We typically think of willpower as the inner strength that we use to resist temptation. We use it to choose the apple instead of the cookie. Or the salad instead of the french fries. Willpower is used as the foundation for many diet programs and without it we falter and fail.
We tell ourselves that if only we had the willpower we would be able to succeed – internally feeling a deep sense of hopelessness and lack of self worth when we don’t. Thankfully, understanding how our mind controls willpower allows us to create strategies to reach our goals.
Willpower is controlled by the region of the brain known as the anterior cingulate cortex and is used not only to resist temptation but also to perform tasks, make decisions and regulate emotions.
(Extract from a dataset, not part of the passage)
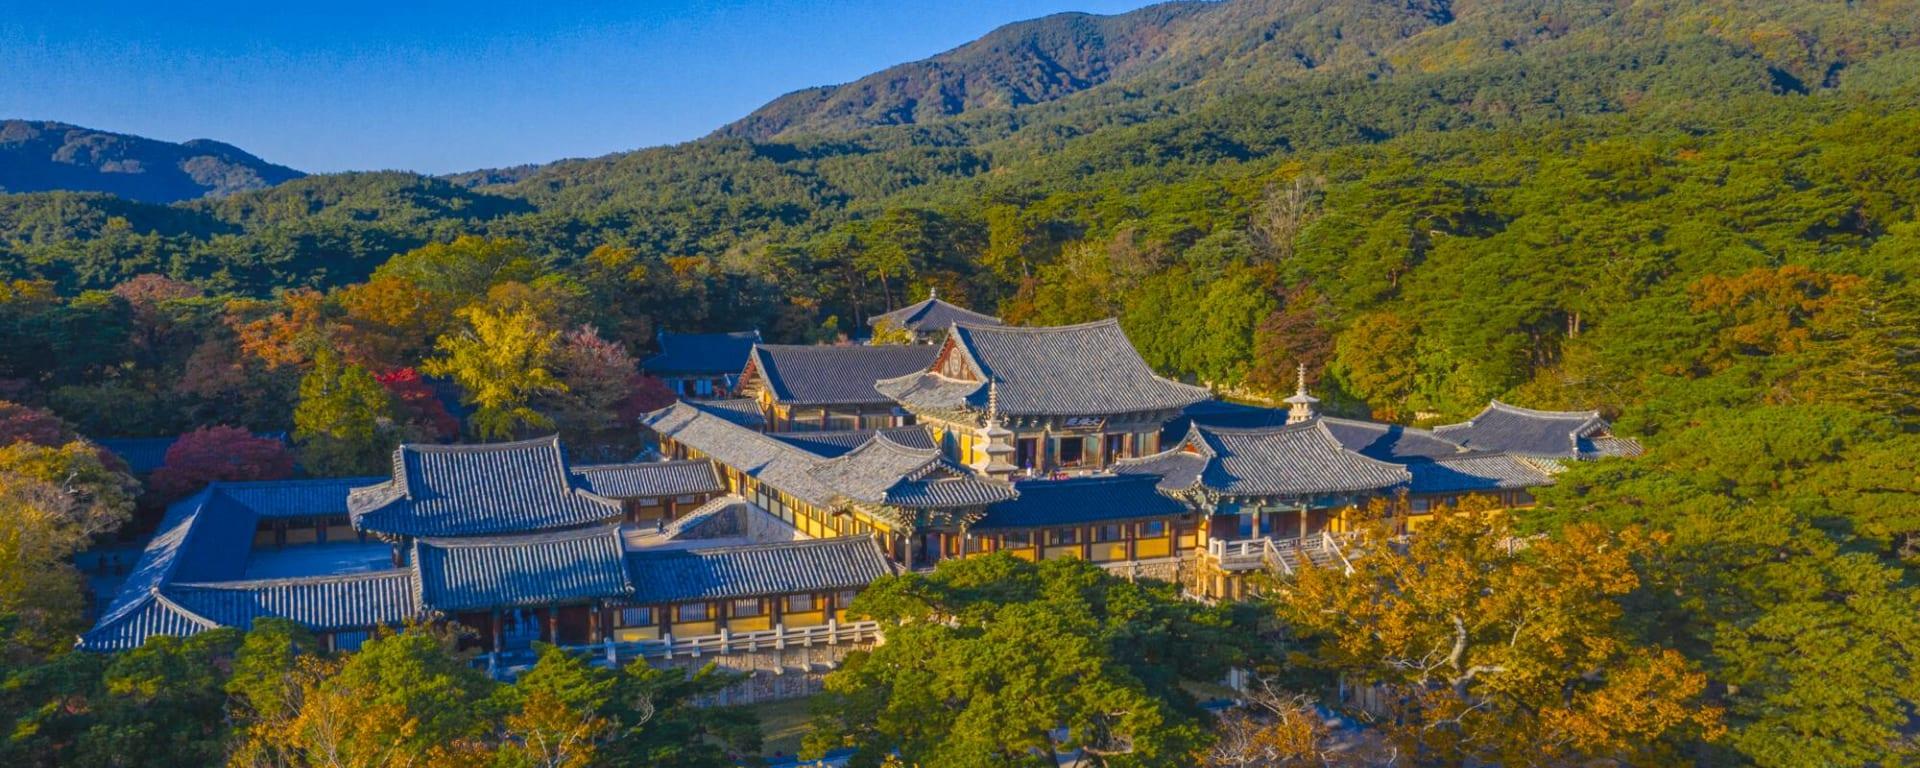 Südkorea entdecken mit Tischler Reisen: Korea Gyeongju Bulguksa Tempel
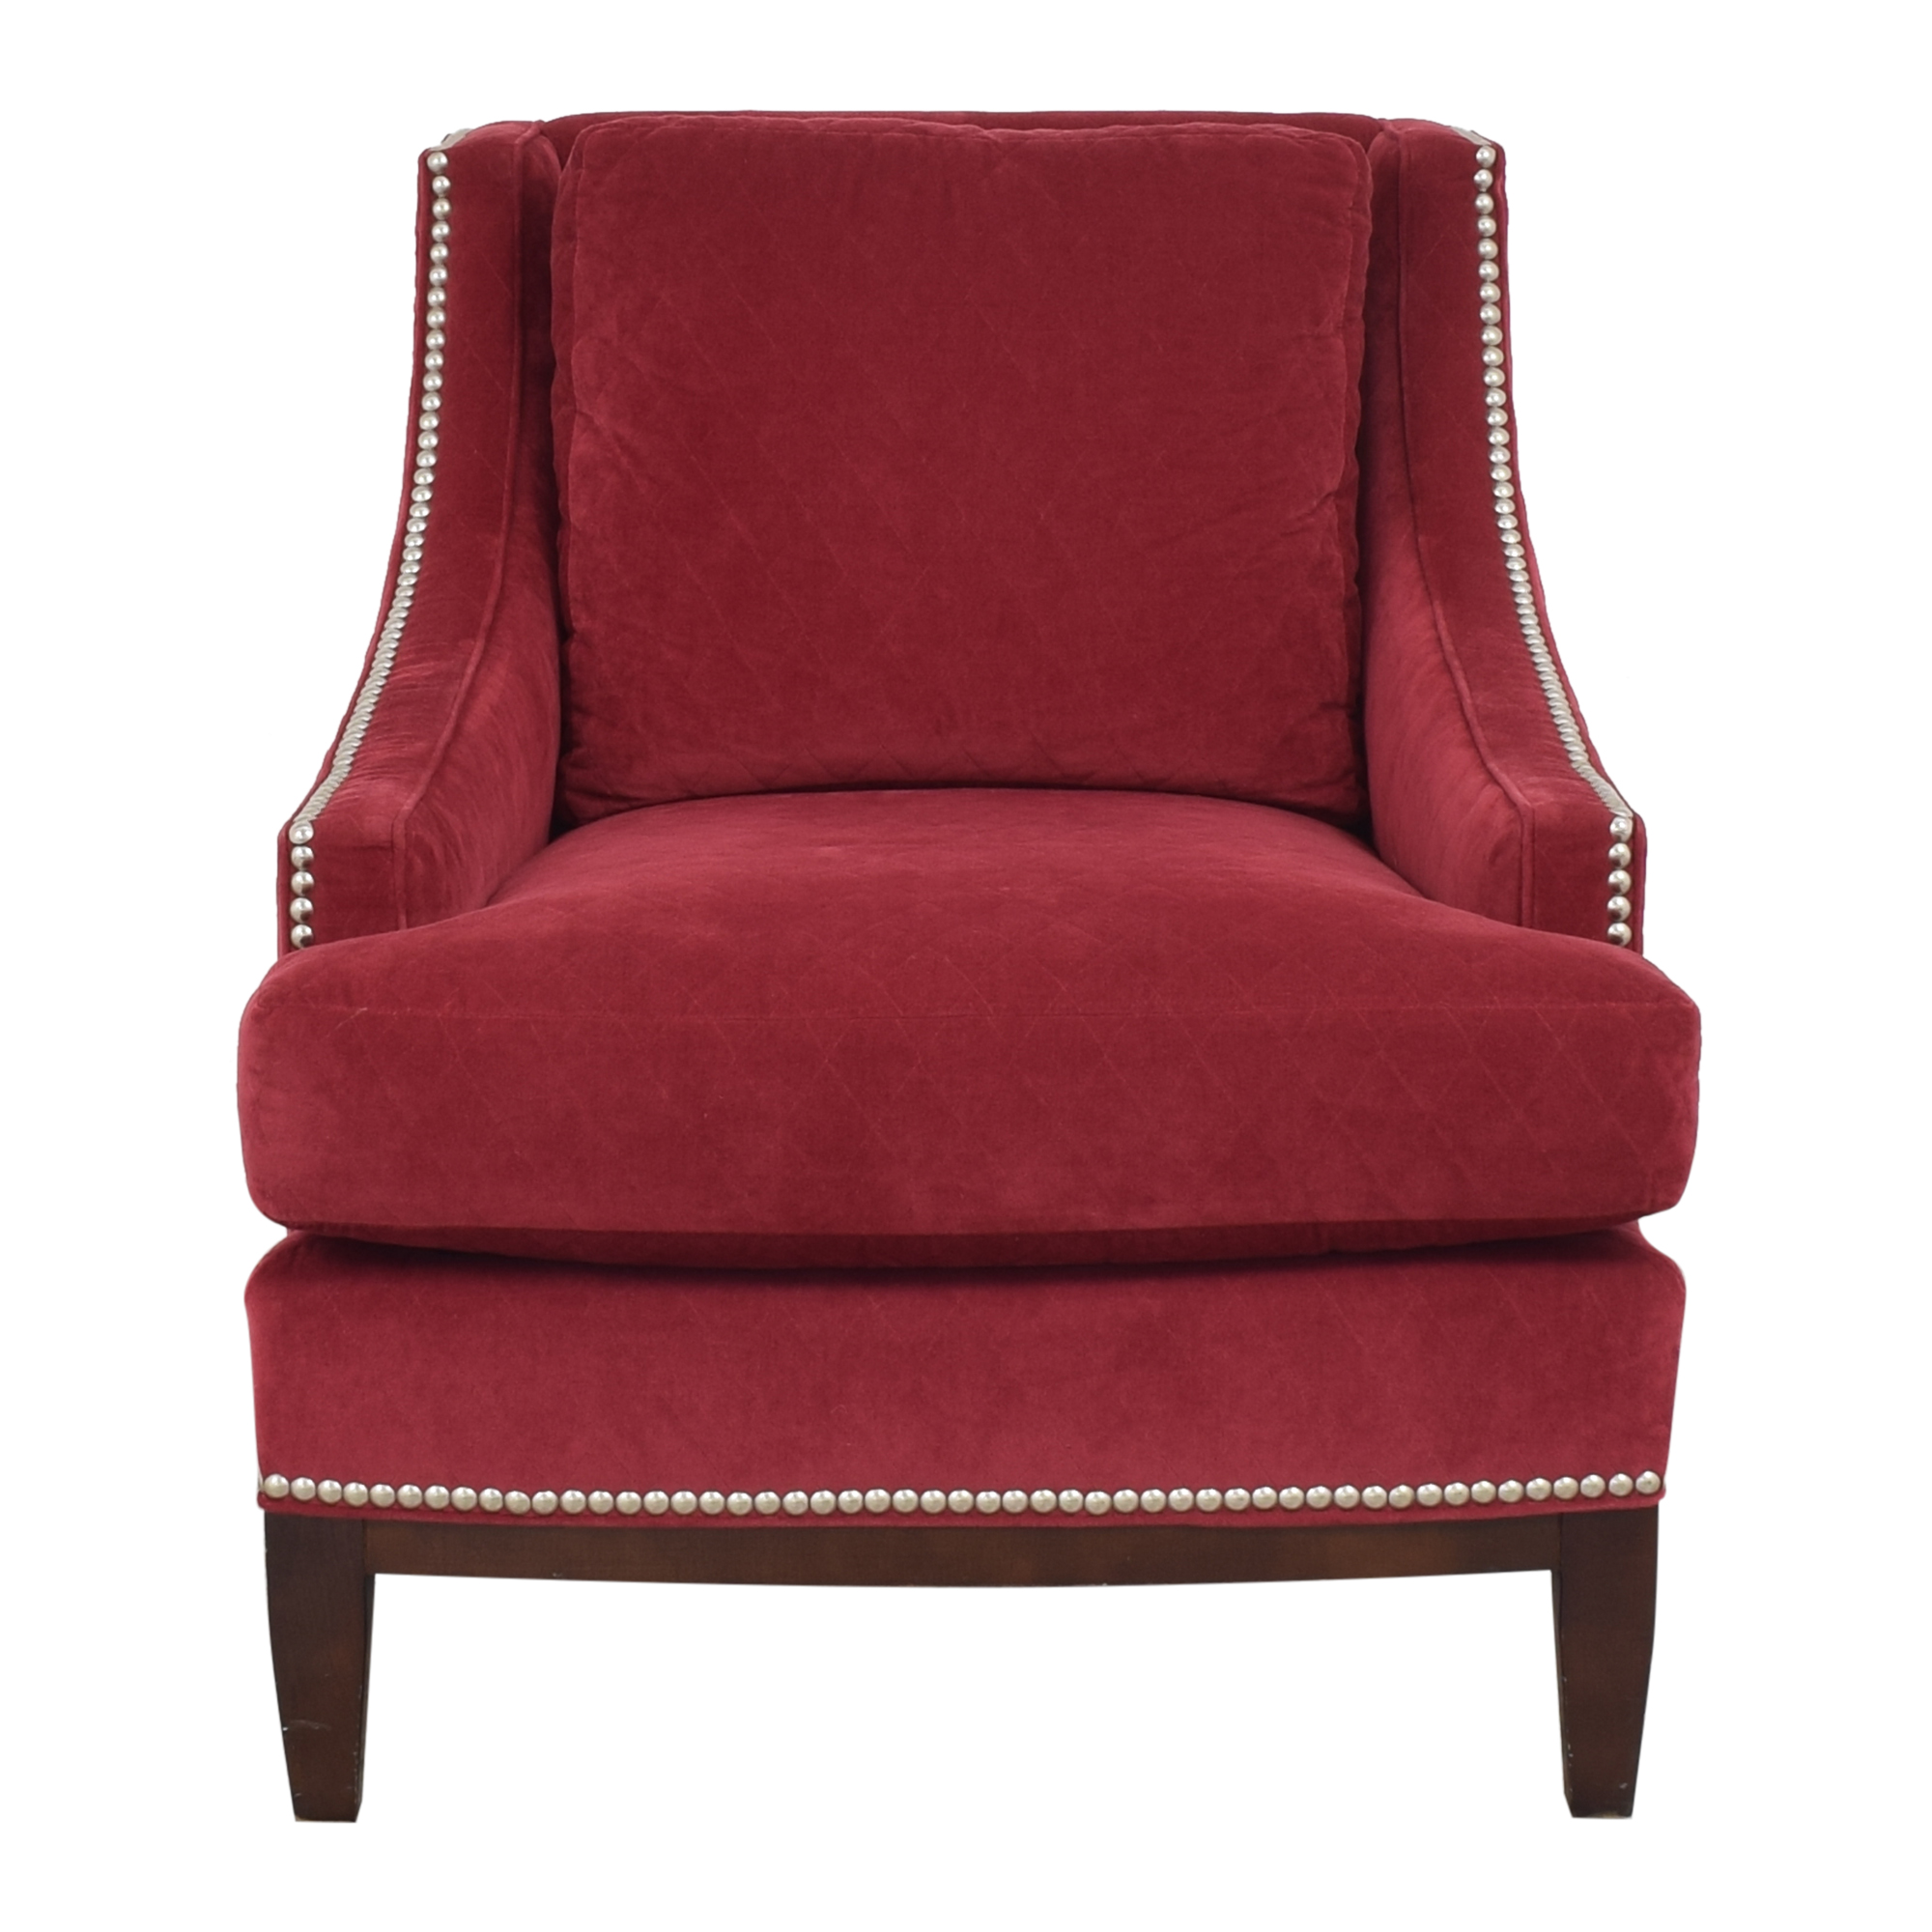 shop Kravet Bellair Accent Chair Kravet Chairs

So to rely solely on willpower to succeed at making healthy food choices is to rely on the exact same part of the brain that we use to:
- Monitor task performance when giving presentations or operating electronics or machinery
- Check email and make decisions about whether we will respond, save it for later or delete it
- Deal with our children having temper tantrums or navigate the congested freeway in the morning on our way to work
Interestingly, and not that surprisingly, the anterior cingulate cortex gets “fatigued” over time. So when we regulate our emotions during our morning routine and commute to work, then perform tasks and make decisions when we get there, our willpower reserve is quickly depleted and we arrive at lunchtime with little left to choose the apple and the salad instead of the french fries and the cookie.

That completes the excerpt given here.